Now lets our run SQL equilvalent where command again on the budget

In [21]:
df[df['budget'] > 30000000].head(2)
Out[21]:
adult belongs_to_collection budget genres homepage id imdb_id original_language original_title overview ... release_date revenue runtime spoken_languages status tagline title video vote_average vote_count
1 False NaN 65000000.0 [{'id': 12, 'name': 'Adventure'}, {'id': 14, '... NaN 8844 tt0113497 en Jumanji When siblings Judy and Peter discover an encha... ... 1995-12-15 262797249.0 104.0 [{'iso_639_1': 'en', 'name': 'English'}, {'iso... Released Roll the dice and unleash the excitement! Jumanji False 6.9 2413.0
5 False NaN 60000000.0 [{'id': 28, 'name': 'Action'}, {'id': 80, 'nam... NaN 949 tt0113277 en Heat Obsessive master thief, Neil McCauley leads a ... ... 1995-12-15 187436818.0 170.0 [{'iso_639_1': 'en', 'name': 'English'}, {'iso... Released A Los Angeles Crime Saga Heat False 7.7 1886.0

2 rows × 24 columns

There you go we got the where clause operation working now.

It takes a while to get used to Pandas commands.
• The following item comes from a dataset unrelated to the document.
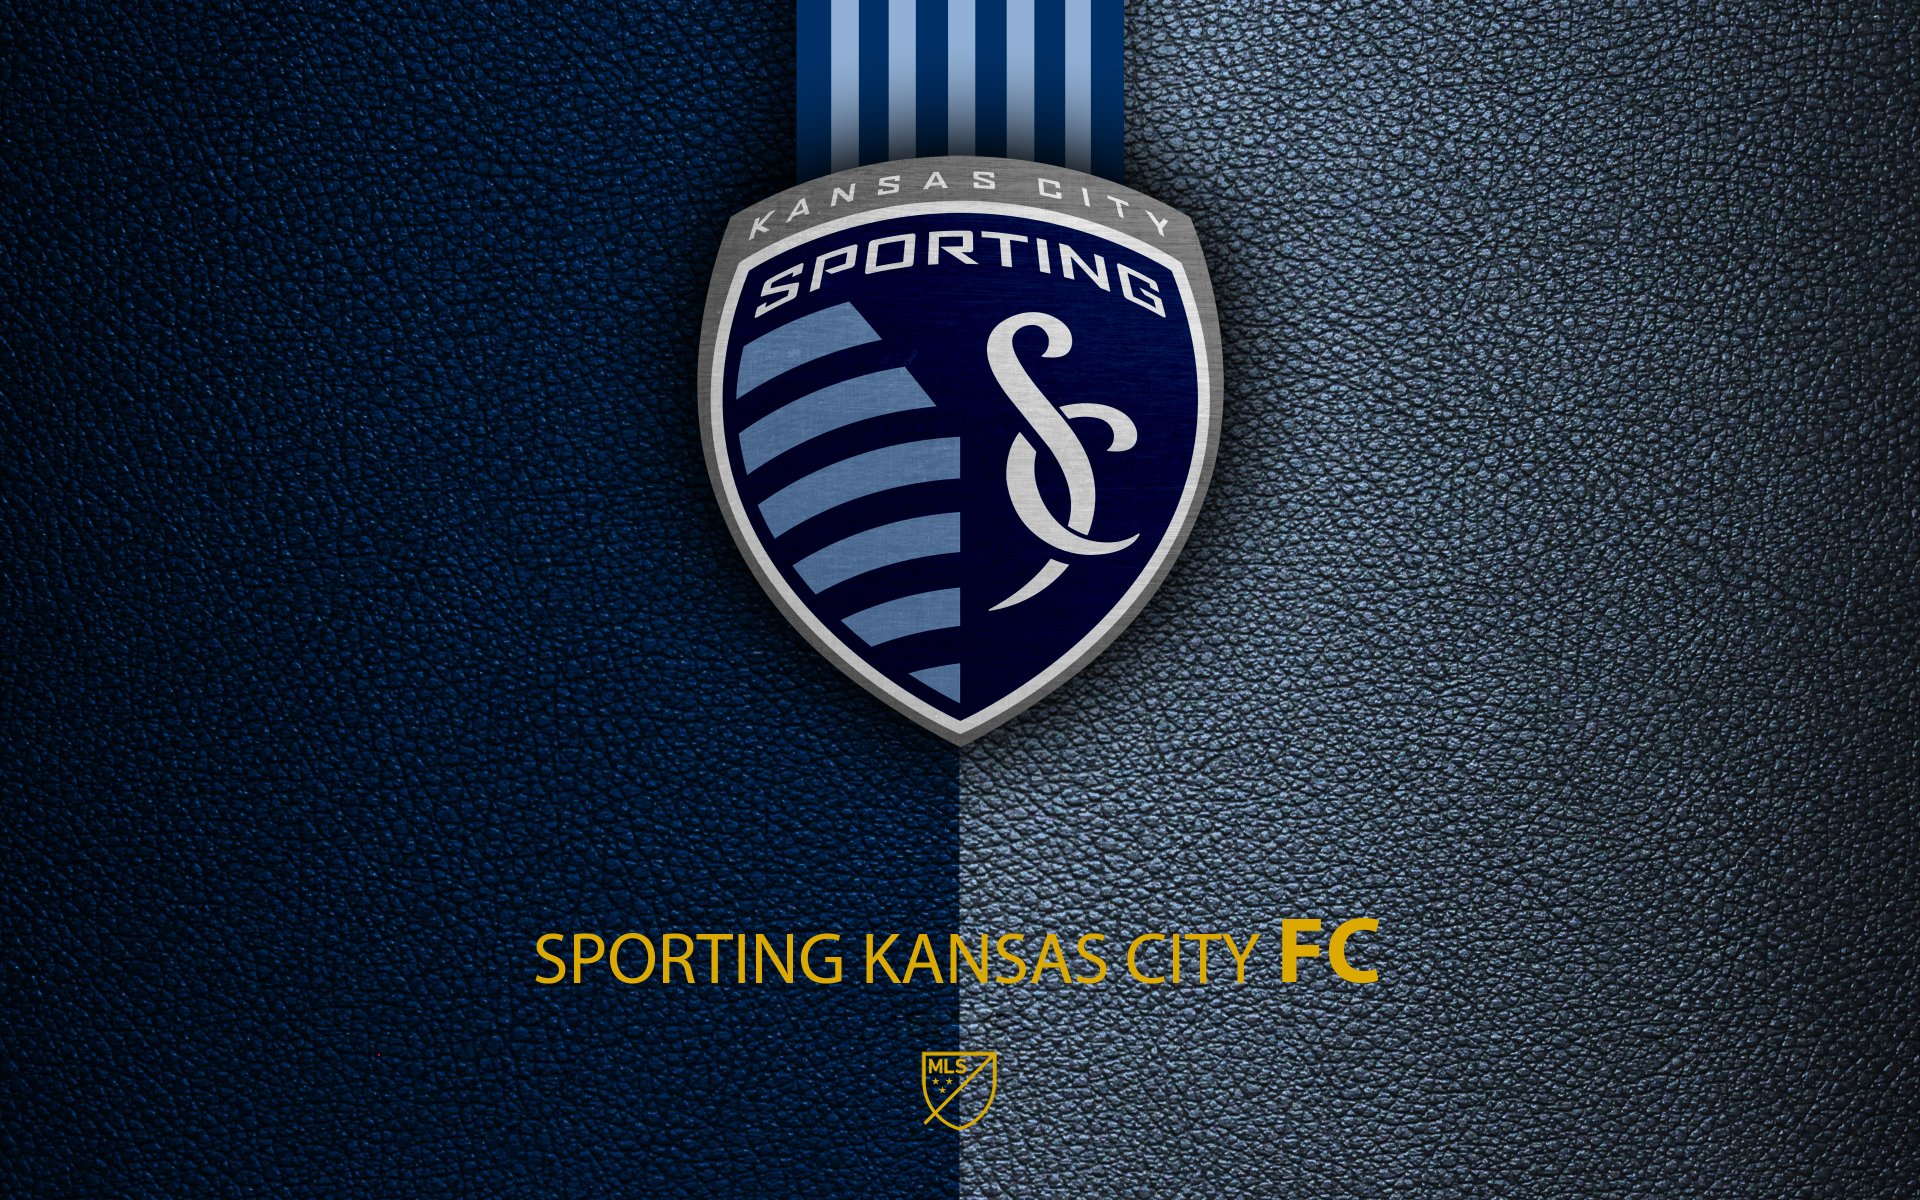 Sporting Kansas City 4k Ultra HD Wallpaper Background Image
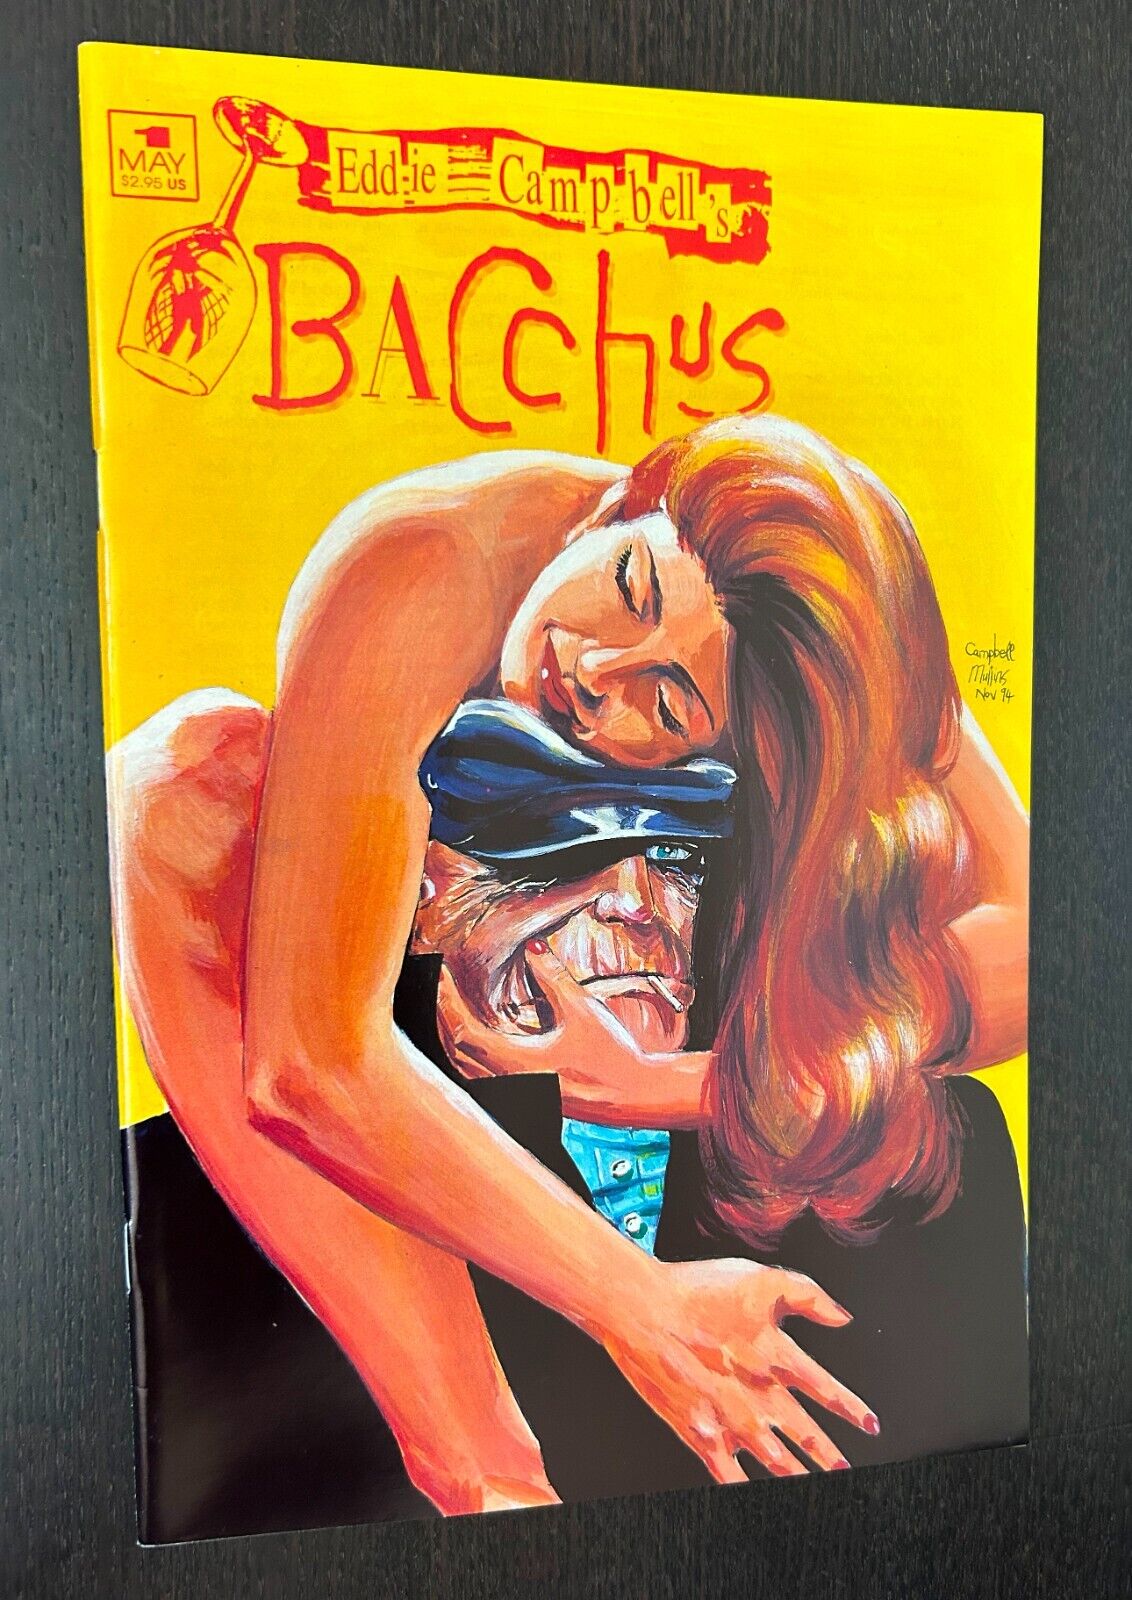 BACCHUS #1 (Eddie Campbell Comics 1995) -- VF/NM

If you want to still use SQL commands in Pandas , there is a library to do that as well which is pandasql

How to run SQL commands "select" and "where" using pandasql

Lets import the library pandasql first

In [22]:
import pandasql

I got following error...

ModuleNotFoundError: No module named 'pandasql'

Lets install the library first and import again

In [23]:
!pip install pandasql
In [24]:
import pandasql

Lets try SQL select statement now using pandasql now

In [28]:
pandasql.sqldf("SELECT * FROM df LIMIT 1;", globals())
Out[28]:
adult belongs_to_collection budget genres homepage id imdb_id original_language original_title overview ... release_date revenue runtime spoken_languages status tagline title video vote_average vote_count
0 False {'id': 10194, 'name': 'Toy Story Collection', ... 30000000.0 [{'id': 16, 'name': 'Animation'}, {'id': 35, '... http://toystory.disney.com/toy-story 862 tt0114709 en Toy Story Led by Woody, Andy's toys live happily in his ... ... 1995-10-30 373554033.0 81.0 [{'iso_639_1': 'en', 'name': 'English'}] Released None Toy Story 0 7.7 5415.0

1 rows × 24 columns

Ok, now lets try the SQL statement including "where" clause

In [29]:
pandasql.sqldf("SELECT * FROM df where budget > 30000000 LIMIT 1 ;", globals())
Out[29]:
adult belongs_to_collection budget genres homepage id imdb_id original_language original_title overview ... release_date revenue runtime spoken_languages status tagline title video vote_average vote_count
0 False None 65000000.0 [{'id': 12, 'name': 'Adventure'}, {'id': 14, '... None 8844 tt0113497 en Jumanji When siblings Judy and Peter discover an encha... ... 1995-12-15 262797249.0 104.0 [{'iso_639_1': 'en', 'name': 'English'}, {'iso... Released Roll the dice and unleash the excitement! Jumanji 0 6.9 2413.0

1 rows × 24 columns

There u go we got the results using SQL exact statement in Python Pandas.